Obama teaches ‘organizing 101’ in surprise foundation appearance

SHARE Obama teaches ‘organizing 101’ in surprise foundation appearance
SHARE Obama teaches ‘organizing 101’ in surprise foundation appearance

Former President Barack Obama made a surprise visit to his hometown on Saturday to pop in during his namesake foundation’s first youth training day at the Gary Comer Youth Center.

The Obama Foundation isn’t set to break ground on its presidential center until late 2018, but Saturday’s South Side gathering drew about 150 people between 18 and 24, for a day of putting “civics into action.”

Obama gave three groups an up-close “organizing 101” crash course, workshopping ideas around issues like eradicating food deserts and creating financial literacy programs in schools.He urged each group to consider community stakeholders.

“Once you’ve identified a problem and a solution the next step is figuring out who makes decisions, who’s running the show,” Obama said. “It’s not magic. It’s not a mystery — it’s people who are part of the decision making process.”

The goal of the day was to “energize” young people who may not be involved in civic life, and “kickstart” their work, according to the foundation.

Obama’s appearance brought a special energy the room, said Michael Strautmanis, the center’s vice president of civic engagement.

“This was an opportunity for us to begin,” Strautmanis said. “Today we learned from a set of really inspiring young people from all kinds of background and showed them the power of understanding that their story makes a difference.”

Most attendees came from Chicago, but about 14 percent came from the suburbs.

Karen Aguirre, a peer advisor for one of the groups, said the day focused on identifying issues within communities and connecting participants to tools to “start their advocacy.”

“The goal is to get them to start being advocates in their communities,” Aguirre said. “Sometimes that’s scary, but we’re trying to show them today you can start whenever.”

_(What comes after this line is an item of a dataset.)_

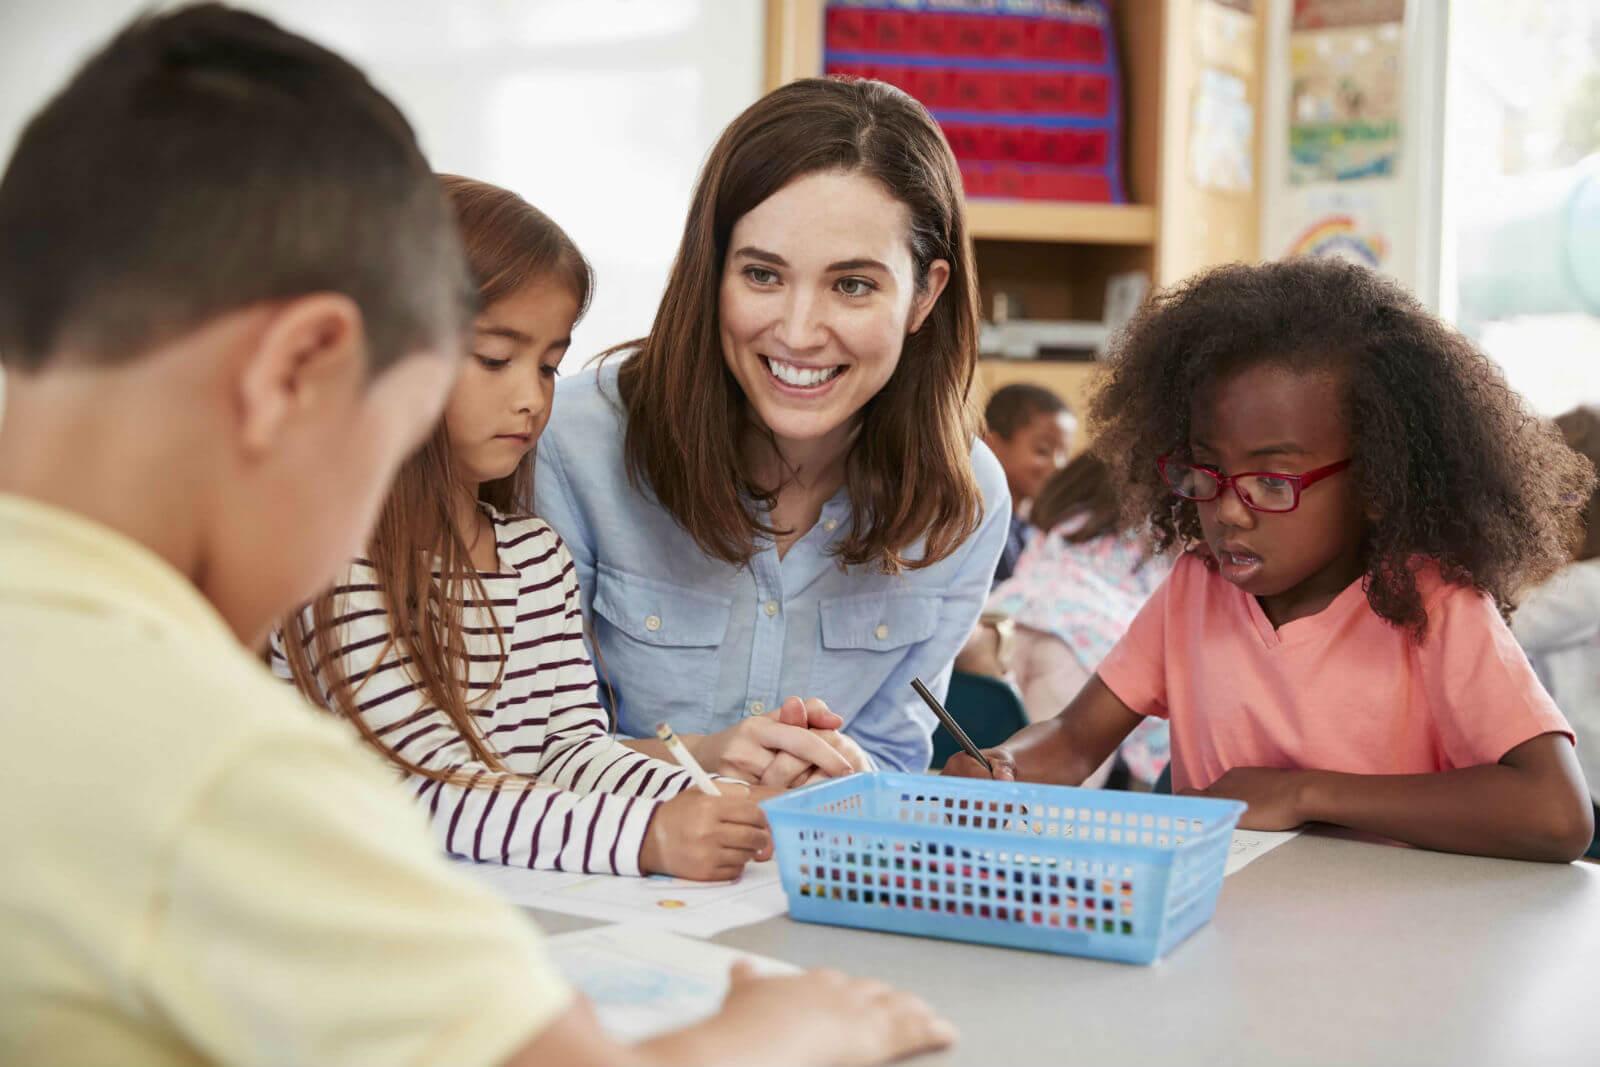 Professora interagindo com crianças

In April, during his first public appearance since leaving office, Obama focused “passing the baton” to the next generation and urging civic engagement.

The foundation has similar training days scheduled next month in Boston and Tempe, Arizona.

Jenna McDonnell, a 22-year-old DePaul University graduate, said she developed “concrete actions” to take back to her hometown to help students with college and career readiness.

“Being in a room with so many amazing people was unlike anything I’ve ever felt, and I would encourage others to find a space where they feel like that, too,” McDonnell said.